The Allegheny Institute for Public Policy published an excellent article yesterday about the 2017 impact fees collected and how they will be used and distributed. Here are a few excerpts (emphasis added):
For those counties hosting an unconventional well, their allocation is determined by the number of wells they host. For example, the county with the most unconventional wells in 2017 was Washington County (1,528) and as a result collected the largest amount of money ($7.09 million) from this section of Act 13. The runner-up is Susquehanna County (1,274 wells), earning $5.91 million. As two of the top counties with wells, Washington has collected more than $38.85 million over the years while Susquehanna has collected more than $35.53 million. Allegheny County, with only 125 eligible wells, a fraction of the total, has received $2.15 million over time. As largely rural counties, Washington’s population is 207,981 and Susquehanna’s is just 40,862. These totals are quite significant and most likely larger than if the state would switch to a severance tax instead and the money was allocated from Harrisburg at the whim of those viewing the shale industry as a cash cow for their own pet projects.
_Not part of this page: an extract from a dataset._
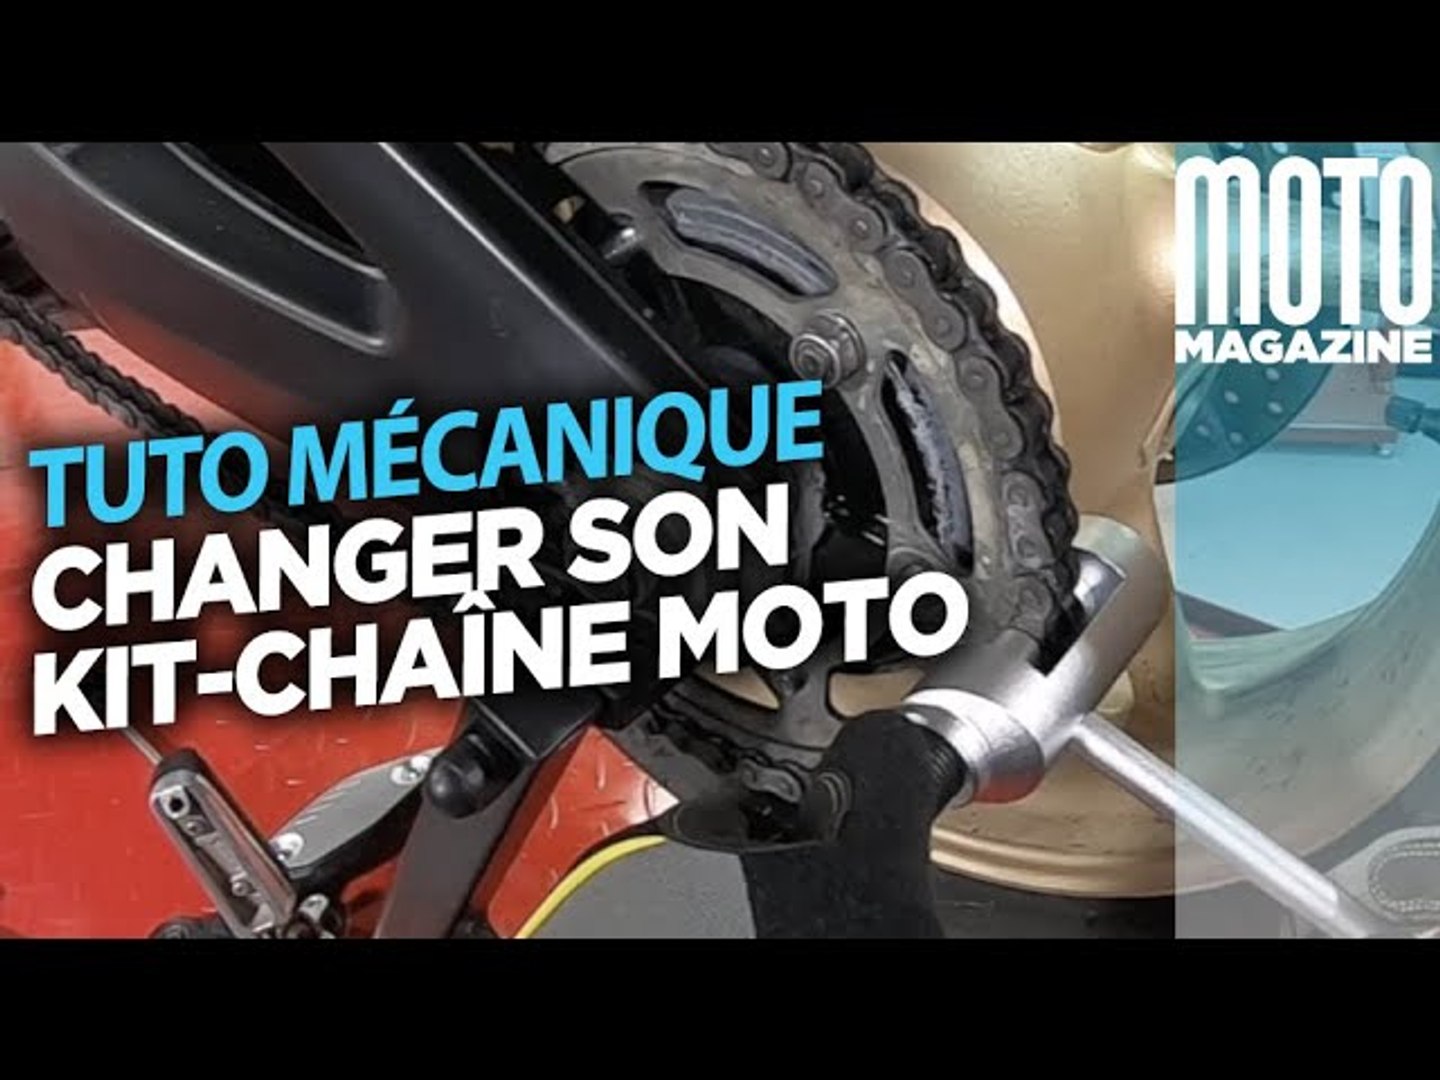 Changer son Kit chaine moto - Tuto Moto Magazine - Vidéo Dailymotion

And of course that was the intent of Act 13—to place a fee (tax) on those drilling in the Marcellus and Utica shale formations using the technique of hydraulic fracturing (unconventional wells). The money would then bypass the political machinations of Harrisburg and send the money directly to those counties and communities most impacted by the activity surrounding the drilling and to those state agencies that would also be impacted from the activity. The money distributed even has strings attached as to how it can be spent such as on public infrastructure construction, storm water/sewer systems, emergency preparedness/public safety and environmental programs, among others.
Yet the clamoring for a severance tax continues. But what those favoring a severance tax fail to consider is that not only do drillers pay the impact fee, they also pay the assorted business taxes levied by the commonwealth and pay royalties to leaseholders. According to the Marcellus Shale Coalition president in a recent op-ed, that has amounted to $4.5 billion to date on top of the impact fees total of $1.43 billion. The latest proposal from Harrisburg will leave in place the impact fee and couple it with a severance tax amounting to double taxation on the industry.
A severance tax has the potential to curtail production causing a reduction in these payments as drilling will likely be reduced or shifted to neighboring states that are also above the Marcellus and Utica shale formations. The impact fee has struck a balance between holding drillers accountable for their activities and generating much needed revenues to those counties and municipalities most affected.
The impact fee has been working for Pennsylvania’s communities. Adding a severance tax on top of it would certainly have a negative impact on Pennsylvania’s natural gas industry.